### Data under study
------------
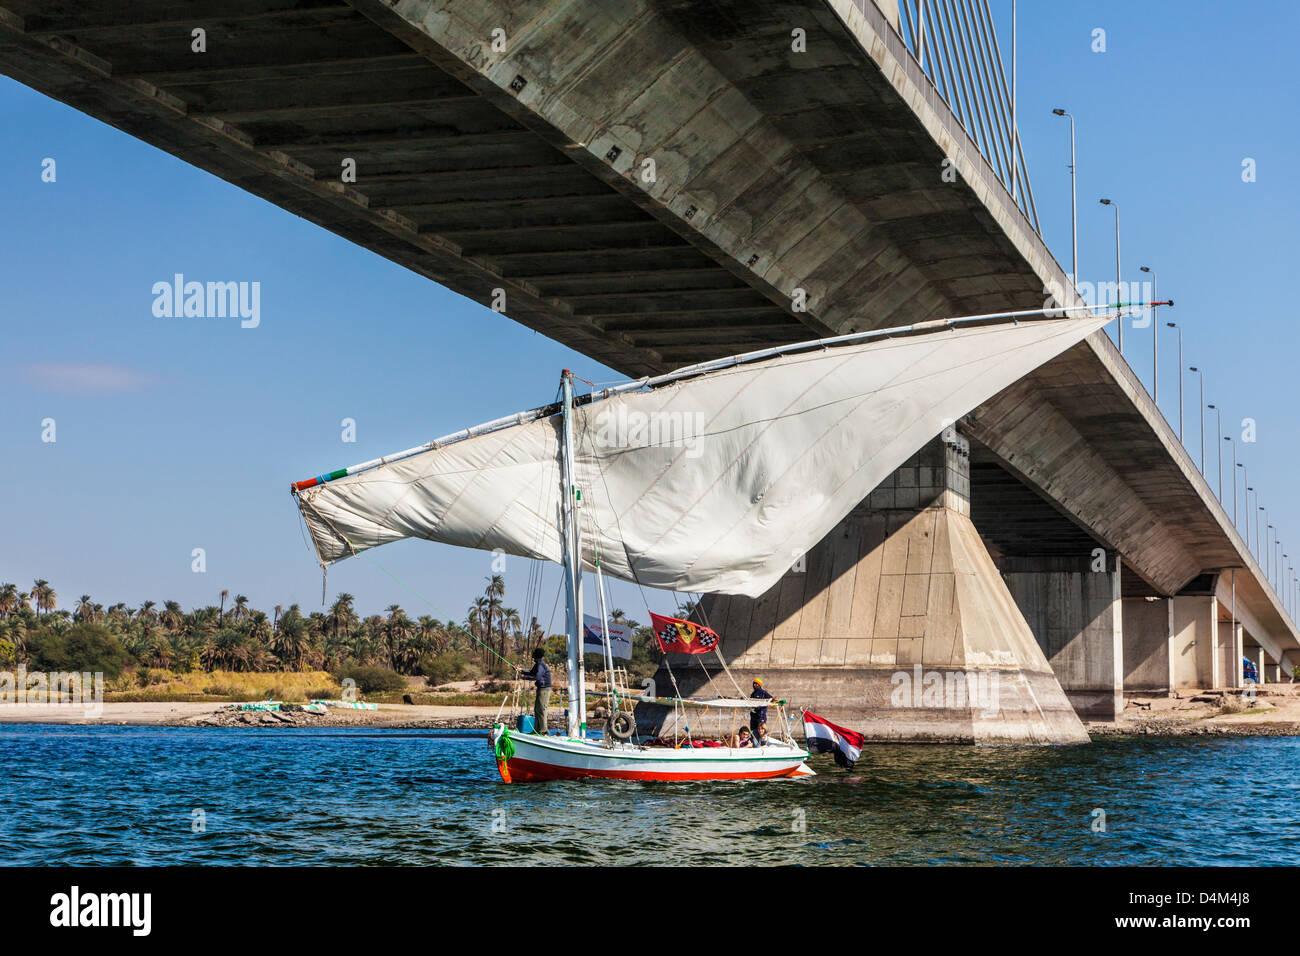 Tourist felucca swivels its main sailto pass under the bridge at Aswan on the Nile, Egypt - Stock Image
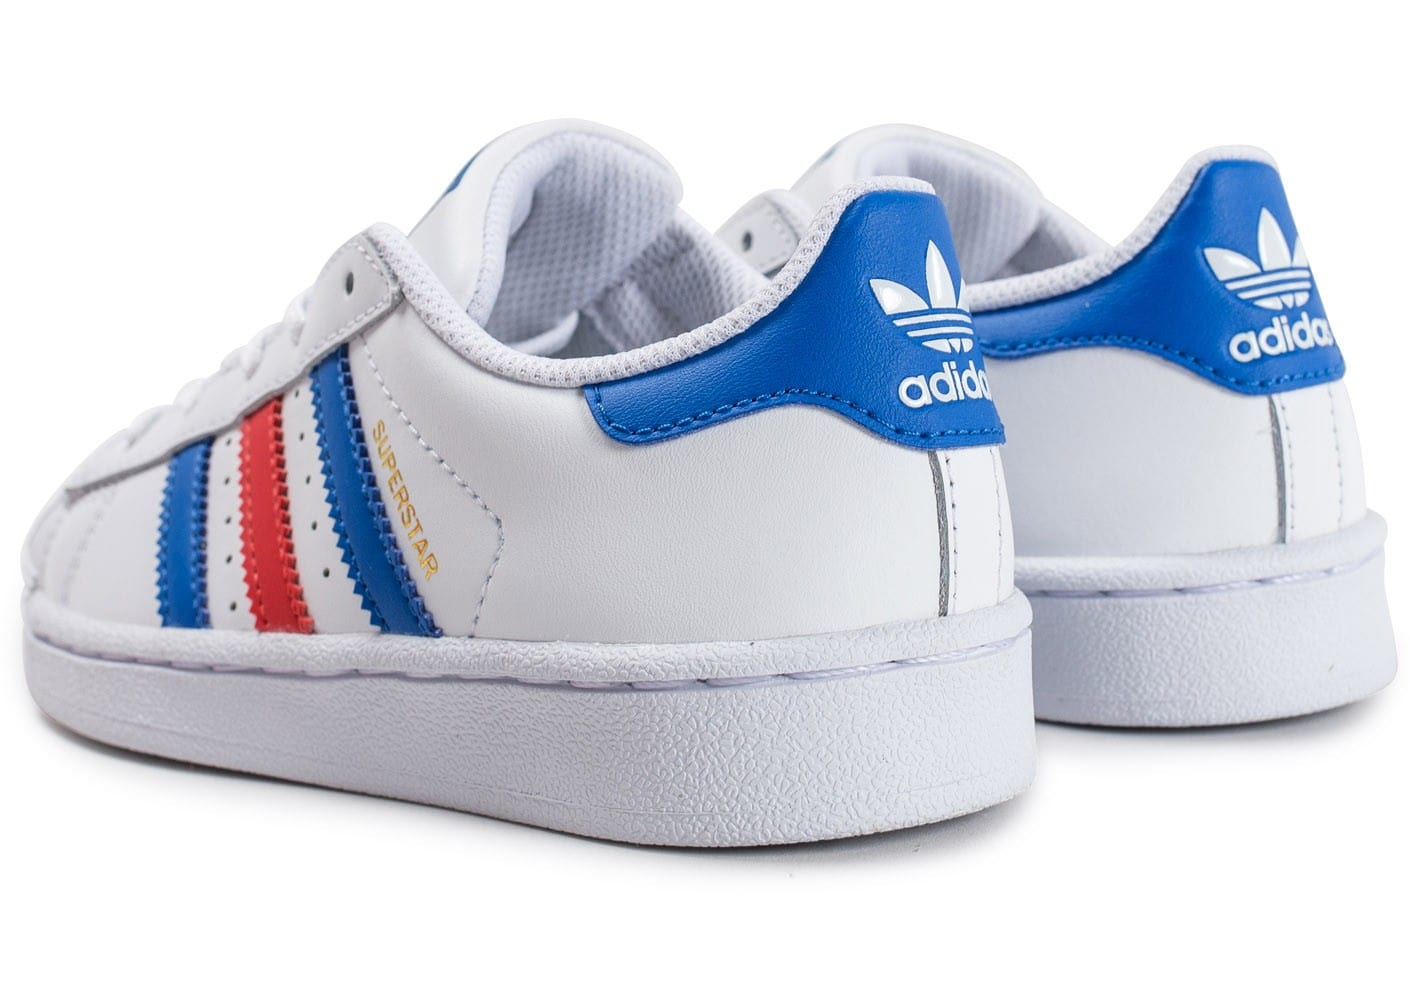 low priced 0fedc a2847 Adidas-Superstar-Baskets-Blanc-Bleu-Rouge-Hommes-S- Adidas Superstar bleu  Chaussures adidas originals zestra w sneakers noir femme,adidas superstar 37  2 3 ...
------------
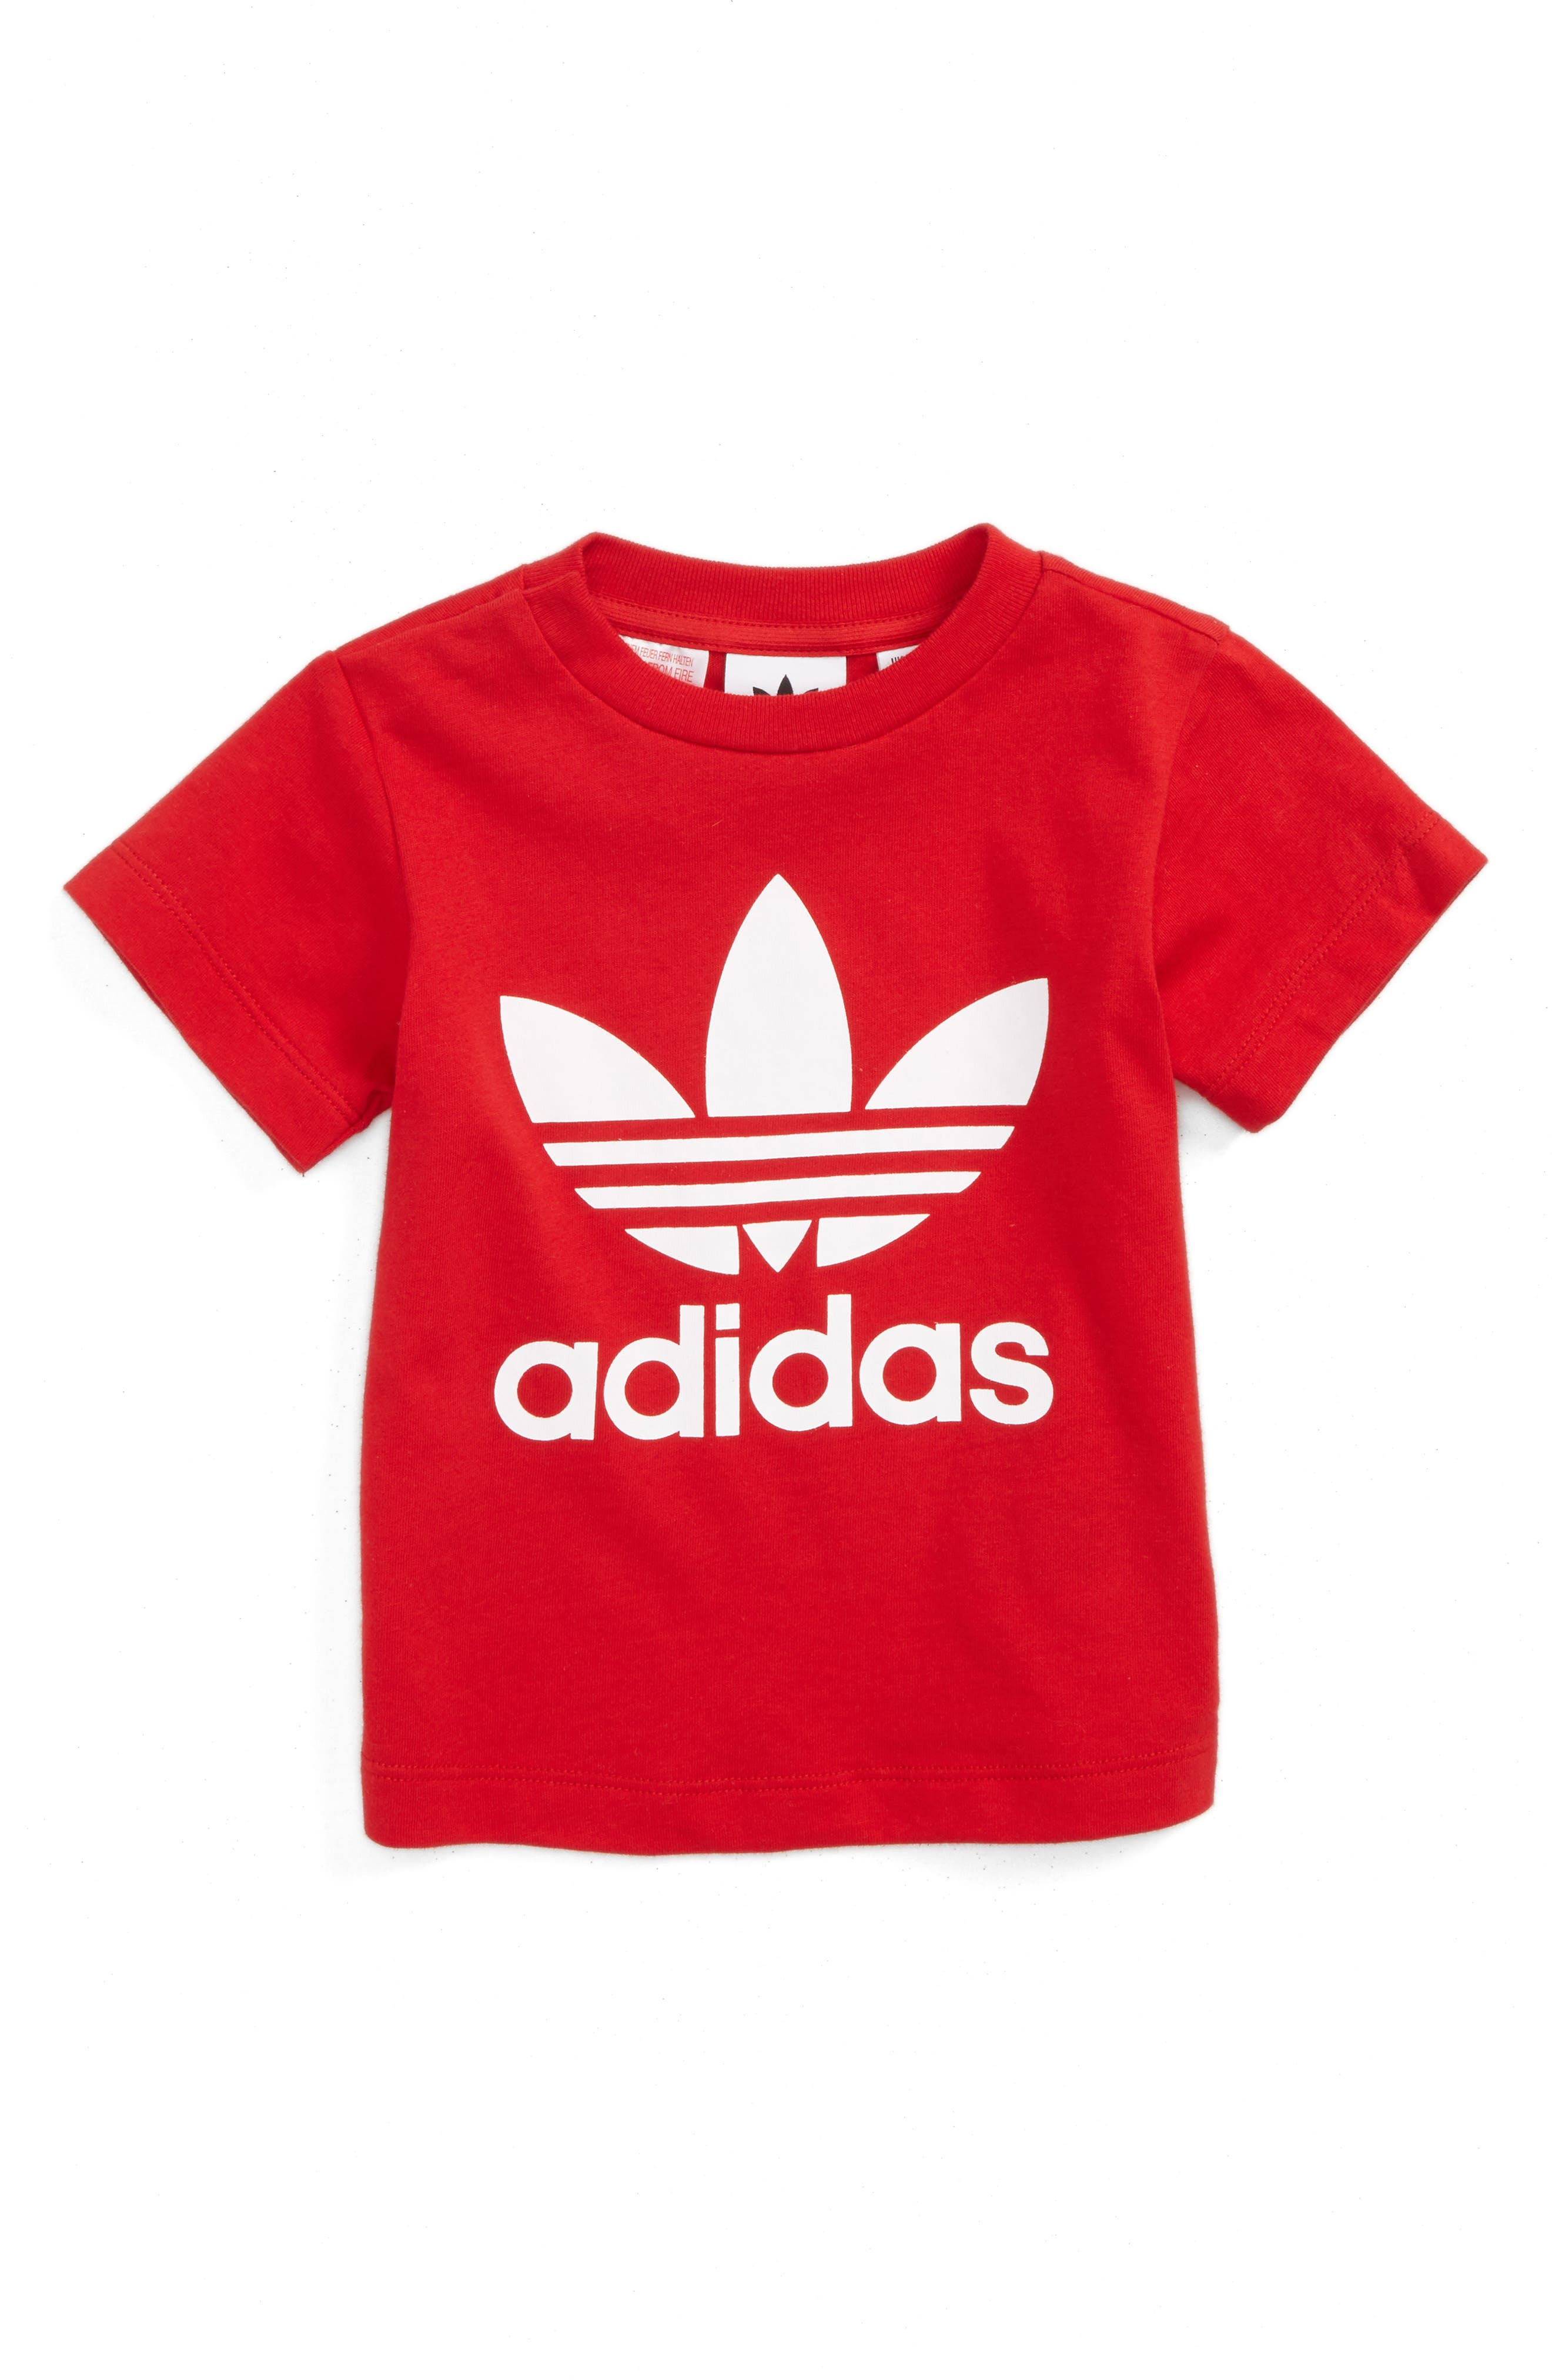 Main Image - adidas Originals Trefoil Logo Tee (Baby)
------------
### Exercise
Only one part of the listing is wanted: the lines from the one containing "Tourist felucca swivels" through the one containing "low priced 0fedc", both included. Please transcribe it exactly, leaving out the pictures.

### Output of the task
 Tourist felucca swivels its main sailto pass under the bridge at Aswan on the Nile, Egypt - Stock Image
 low priced 0fedc a2847 Adidas-Superstar-Baskets-Blanc-Bleu-Rouge-Hommes-S- Adidas Superstar bleu  Chaussures adidas originals zestra w sneakers noir femme,adidas superstar 37  2 3 ...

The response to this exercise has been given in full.